And as you know, we have flexibility now with the lenders to scrap up to another 2 vessels. Whether or when we don't do that remains to be seen.

That depends on the fewer things, not only how the market developments, although that is, of course, one important element. And then, of course, the white space from late '19 going into '20, that's where the excitement might start.

Let's see. So I guess with that, Jesper, I will leave the word back to you.

Stig Christiansen

Okay. Thanks, Stig.

Thanks. On the white spaces, the excitement is -- I have another slide where whitespace is not so exciting, but I will get back to that.

So one -- 2 slides on macro. Naturally, oil price is not something we have any opinion on or track closely.

What we do track, of course, is our customers' expectations or their implied view on oil trade price. I borrowed this slide from Rystad basically highlighting a few key customers' expectations or implied long-term expectations you can see from BP basically, and you can find in their annual report Equinor Capital Markets Day, Repsol basically what do they use for impairment testing in their accounts.

So this is, of course, not hurdle rates, but it's comforting to see for us that there seems to be an average or a fairly decent limited spread on a healthy level expected by our customers, a good proxy for activity going forward. Another good activity for proxy for activity going forward is the global CapEx spending.

And this is the one I was alluding to that this white space is not lost opportunity, but painful memories, I think, and -- but I think what we are focusing on today is a bit on the positive development looking at the 2018 CapEx and the sanctioning activity we are almost seeing, almost, doubling on 2017 levels. And as you can see also from Rystad, depending on the oil price expectations we would expect to see a very dramatic increase in the sanctioning levels and CapEx spend between '19 and '23, both good indications of long-term activity.

A bit down to earth from the macro. There has been a lot of focus on the Equinor announcement that they have an ambition to extend life of 20 installations in the North Sea.

And we just included a brief overview also hopefully, compiled by Rystad. About 24 production hubs in the Equinor system and assuming that we have life-extending one installation in each hub, it may impact us mainly as 80% of their production hub.

So and normally, of course, some of the lifetime extension project is a good opportunity for accommodation, although we don’t know the scope of the exact timing yet. It's actually a bit unfair that I haven't mentioned U.K.

and I will not mention it because it has been -- has brought us the most activity in the recent months and actually when we look forward, we also see the U.K. being very active in terms of maintenance and modification.

But just a few comments on Brazil.

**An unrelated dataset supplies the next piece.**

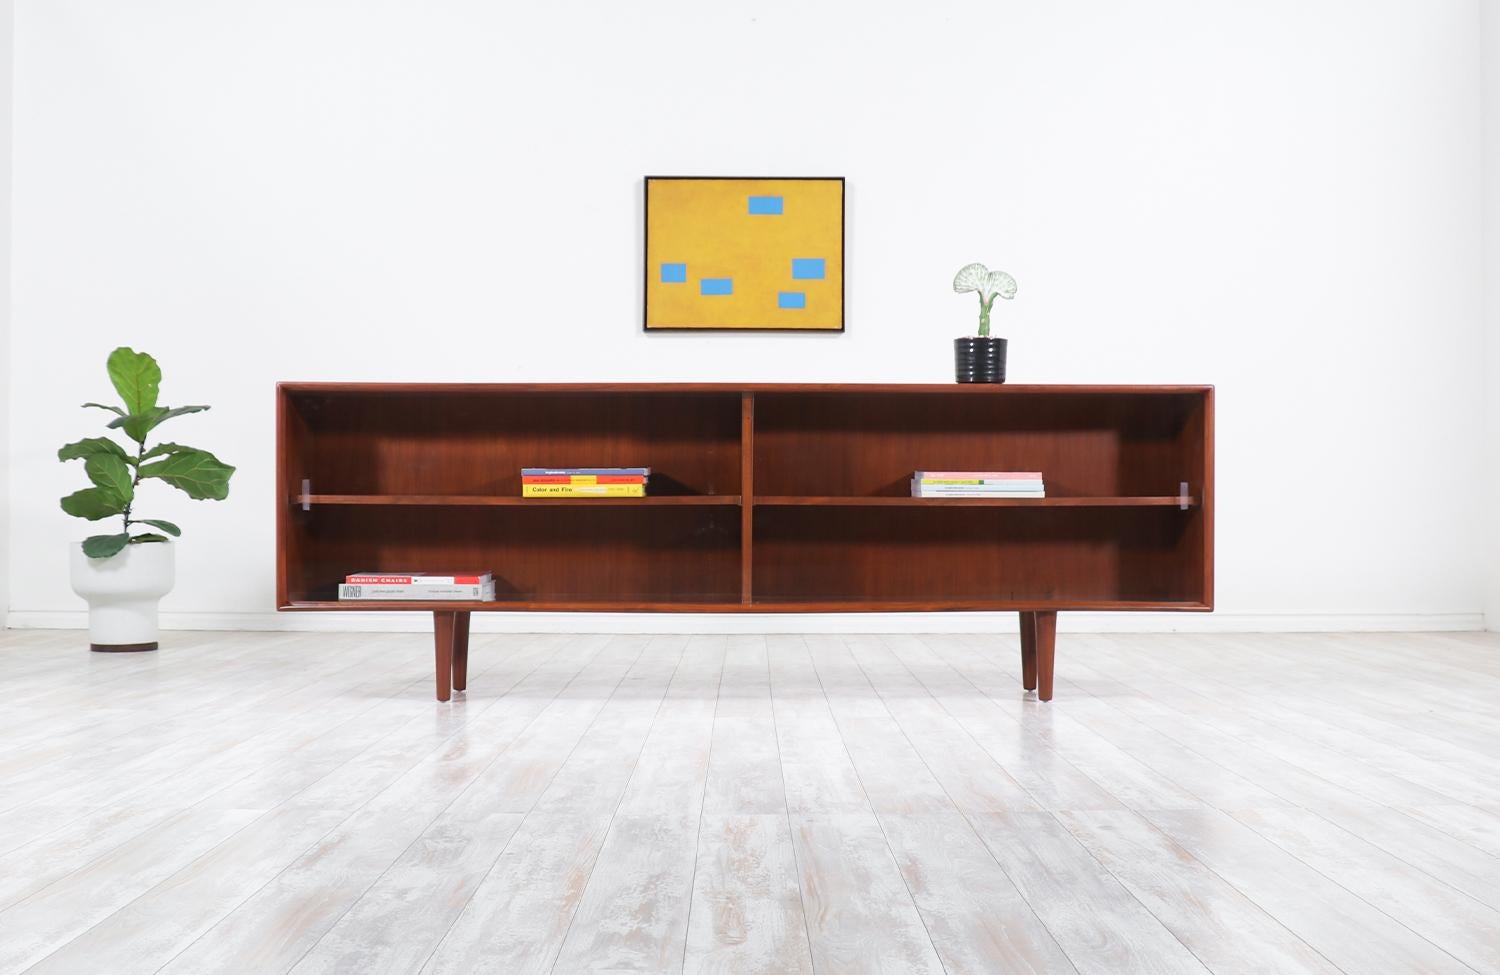 Stylish modern credenza or bookcase designed by H.P. Hansen in Denmark, circa 1960s. This skillfully crafted walnut credenza features a versatile shelved interior with three pins for quickly adjusting the interior in three different positions for

Basically, the brief story on Brazil is no news.

It means that things are moving to the right. We see some interaction from Petrobras that would indicate that a tender is imminent, whether it's this year or early next year, we will hope for this year.

But I think, and looking at their contract backlog and the existing vessels they have, there is no doubt that they will be contracting not just one, but more vessels in the years to come. One particular interest, in fact, in Brazil is, of course, the number of new FPSOs coming on stream in the coming years and even though they are replicas and not planned to call for a lot of accommodation as we have seen with other hookups, it may very well happen.

And so basically Brazil, it will be active and we think it will be active in the near term. Mexico is a bit of a different story for Prosafe.

It's a market reentry strategy. As you all know, a new government will take seat on 1st December, and we also understand that, that would imply changing out key positions and persons in pay mix.

Right now our focus, we are quite active in Mexico and our focus is to make sure that the existing and not least the new people coming in are aware of the compelling proposition Prosafe can offer in Mexico. And I think in that respect, we are making good progress.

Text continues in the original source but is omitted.